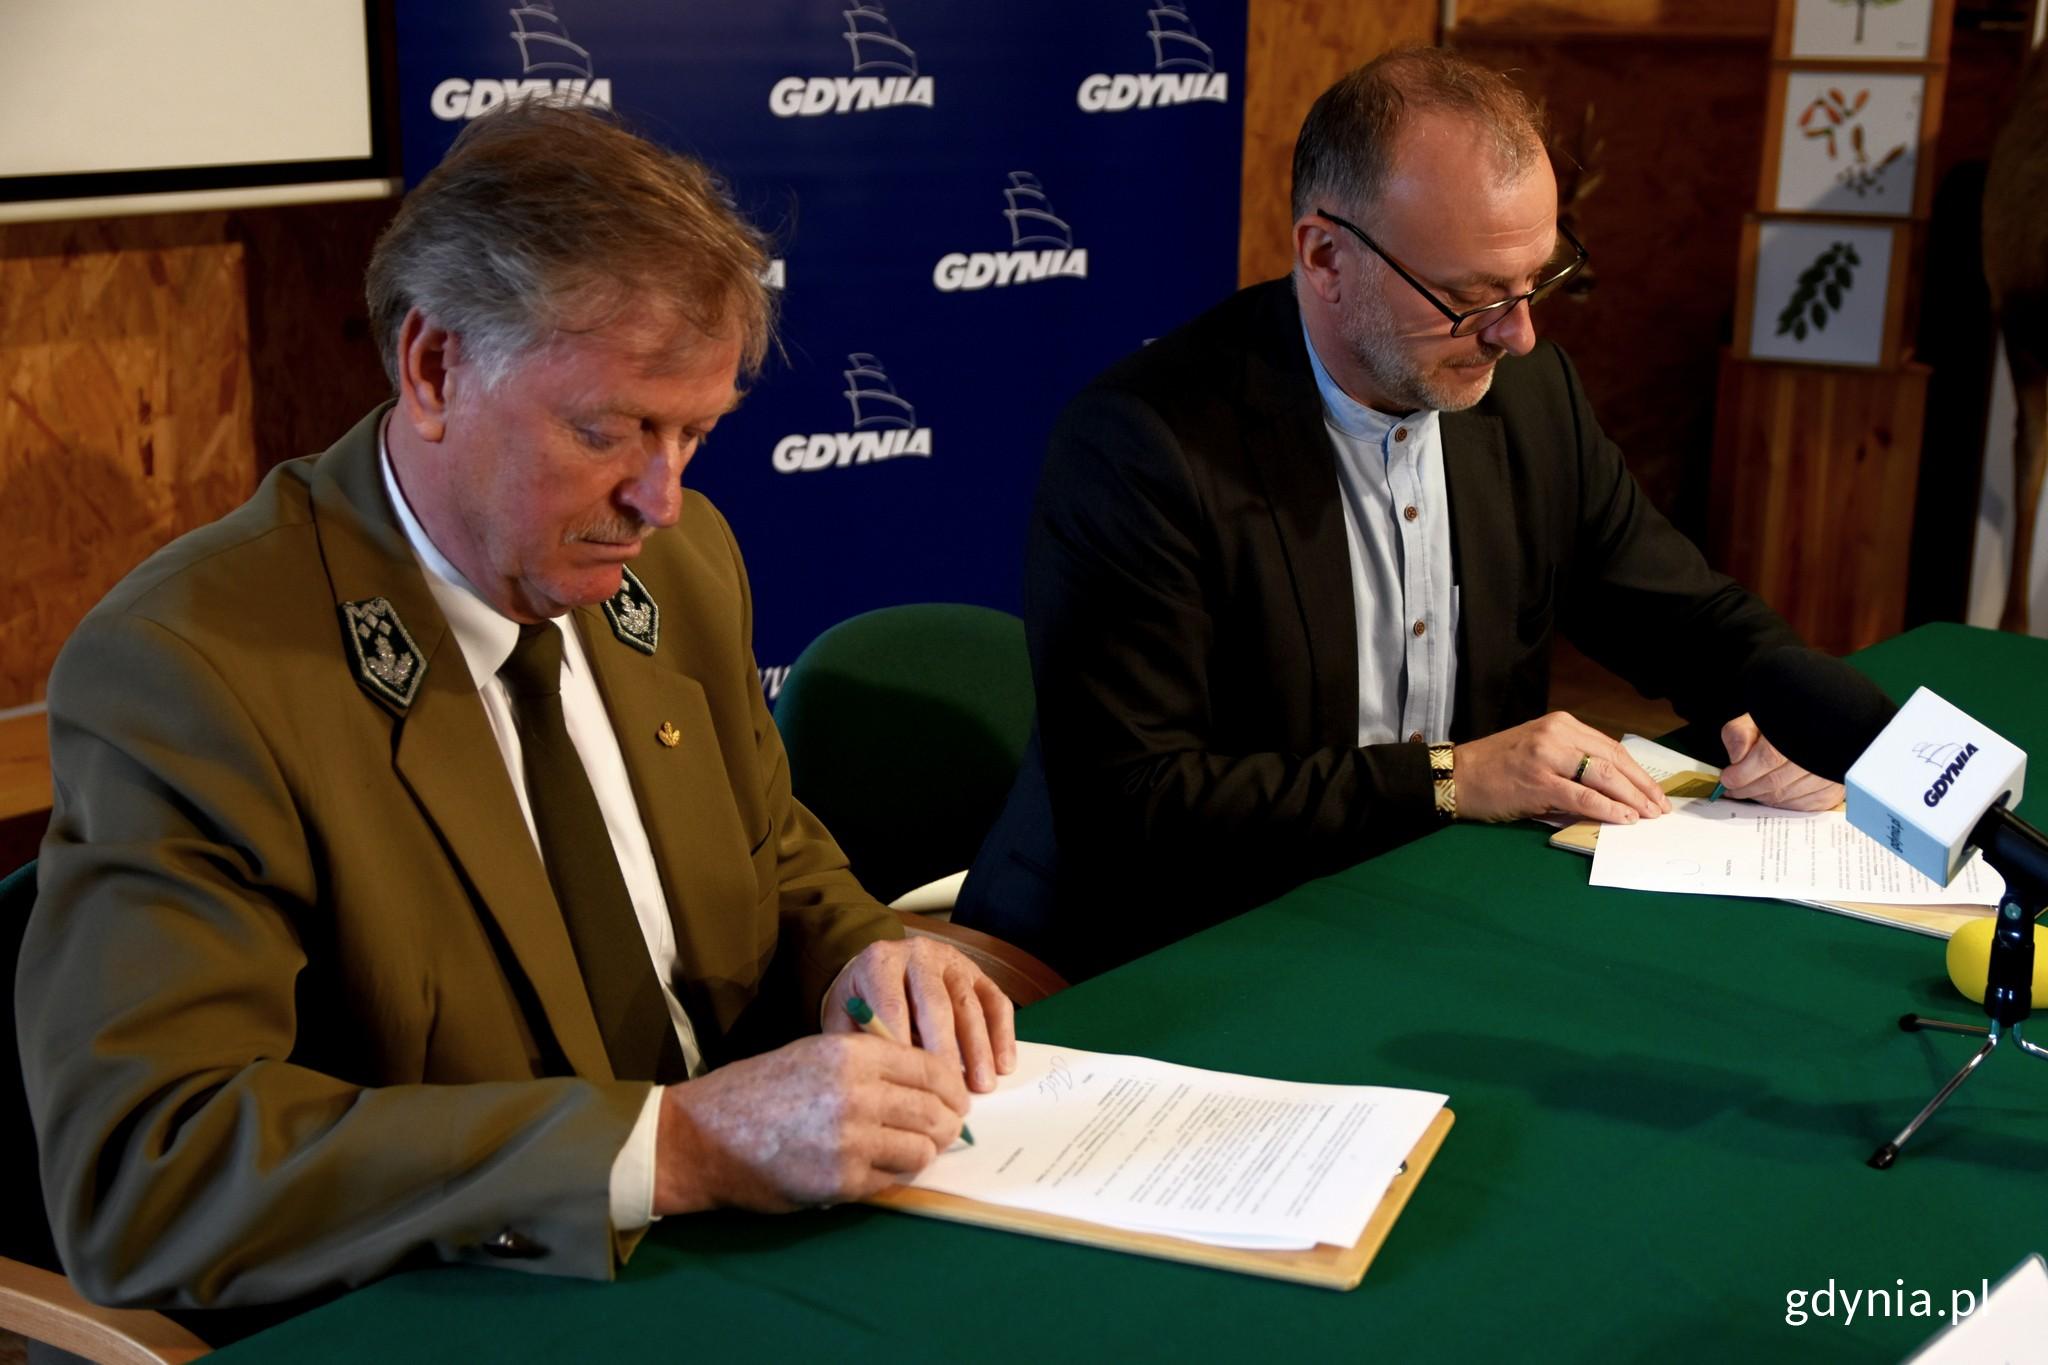 Porozumienie o współpracy podpisali: Janusz Mikoś, nadleśniczy Nadleśnictwa Gdańsk i Michał Guć, wiceprezydent Gdyni ds. innowacji, fot. Paweł Kukla.
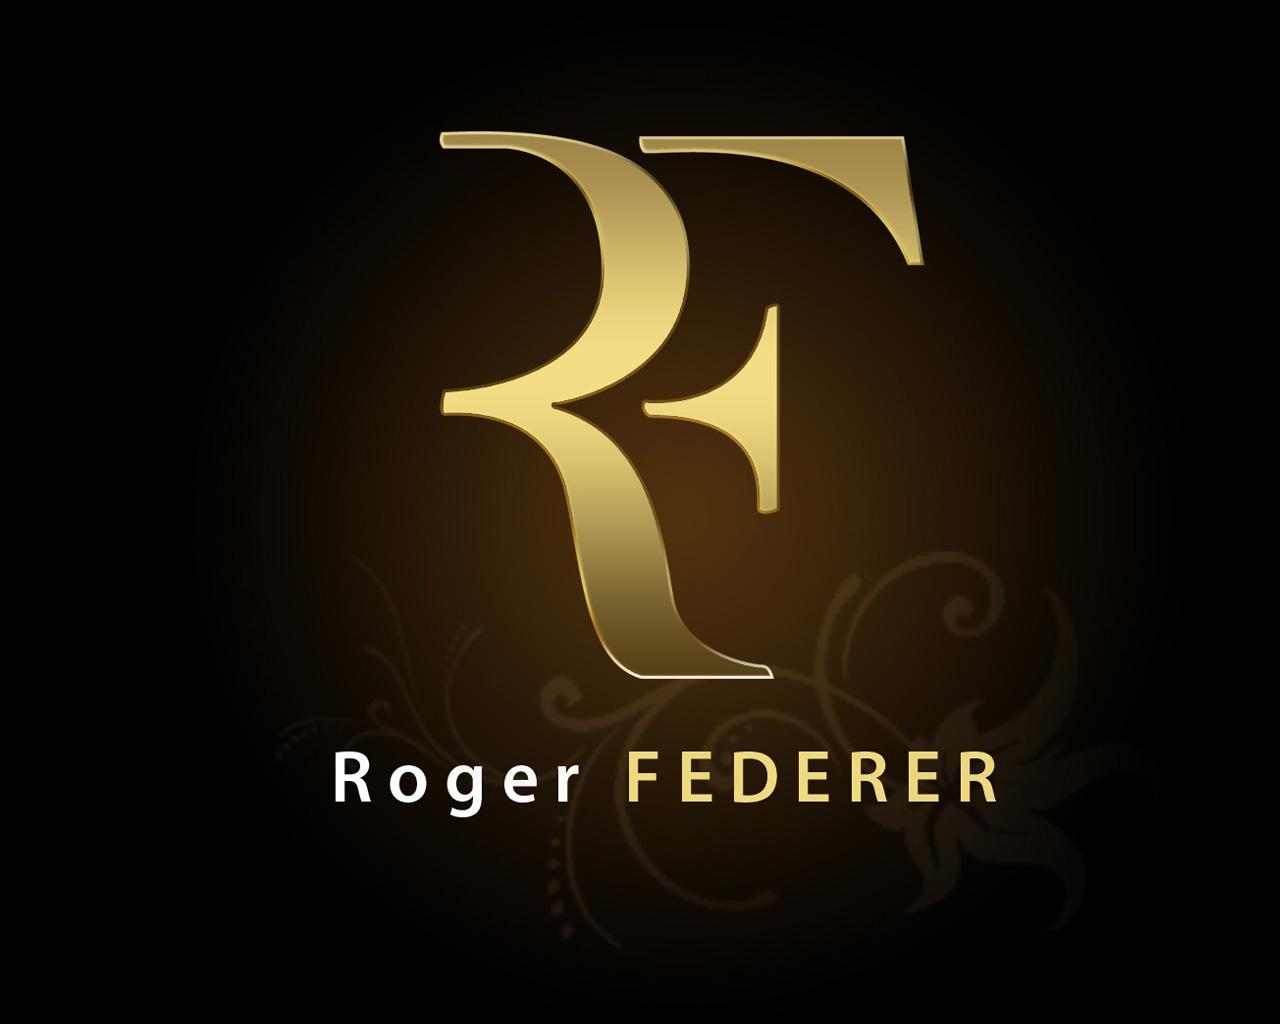 http://3.bp.blogspot.com/-cy6P6IIsqGI/UXYiIY2p5sI/AAAAAAAAAGw/myt-uS4FXVw/s1600/roger-federer-logo.jpg
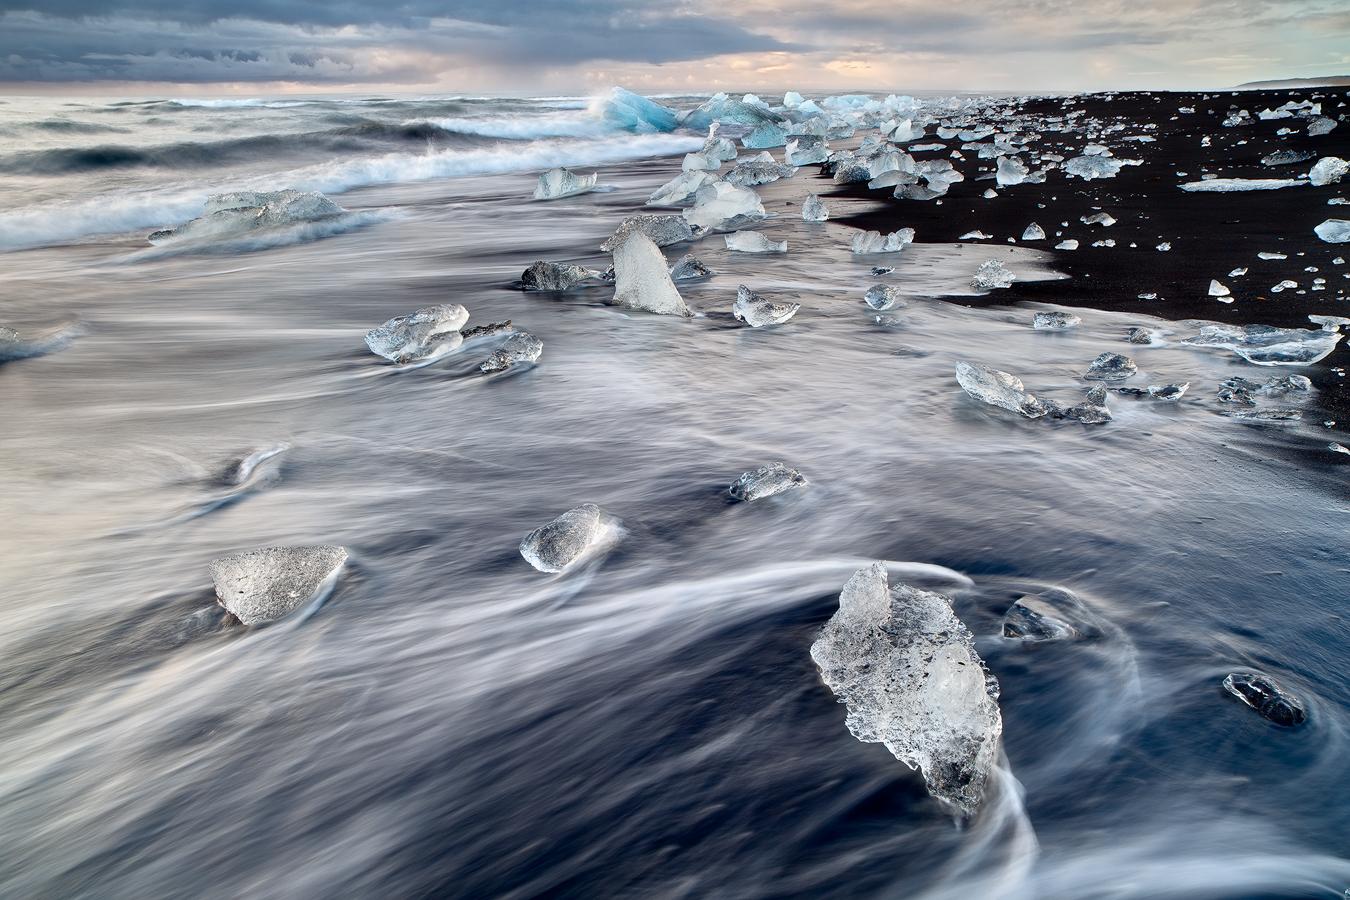 2-дневный тур по южному побережью | Йокульсарлон, восхождение на ледник и место крушения DC-3
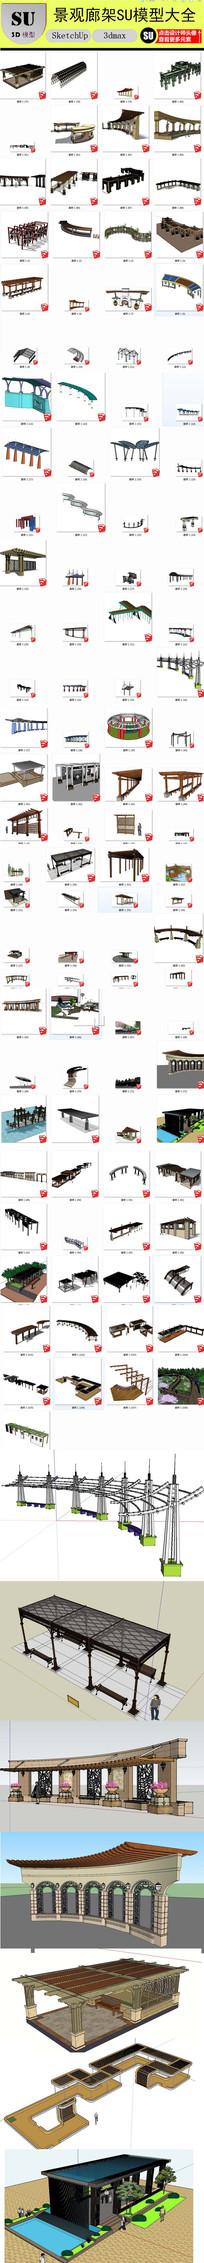 园林景观廊架su模型
-- -- --
Task description:
Apart from the pictures, restate all of the listing above exactly.

Output of the task:
 Porozumienie o współpracy podpisali: Janusz Mikoś, nadleśniczy Nadleśnictwa Gdańsk i Michał Guć, wiceprezydent Gdyni ds. innowacji, fot. Paweł Kukla.
 http://3.bp.blogspot.com/-cy6P6IIsqGI/UXYiIY2p5sI/AAAAAAAAAGw/myt-uS4FXVw/s1600/roger-federer-logo.jpg
 2-дневный тур по южному побережью | Йокульсарлон, восхождение на ледник и место крушения DC-3
 园林景观廊架su模型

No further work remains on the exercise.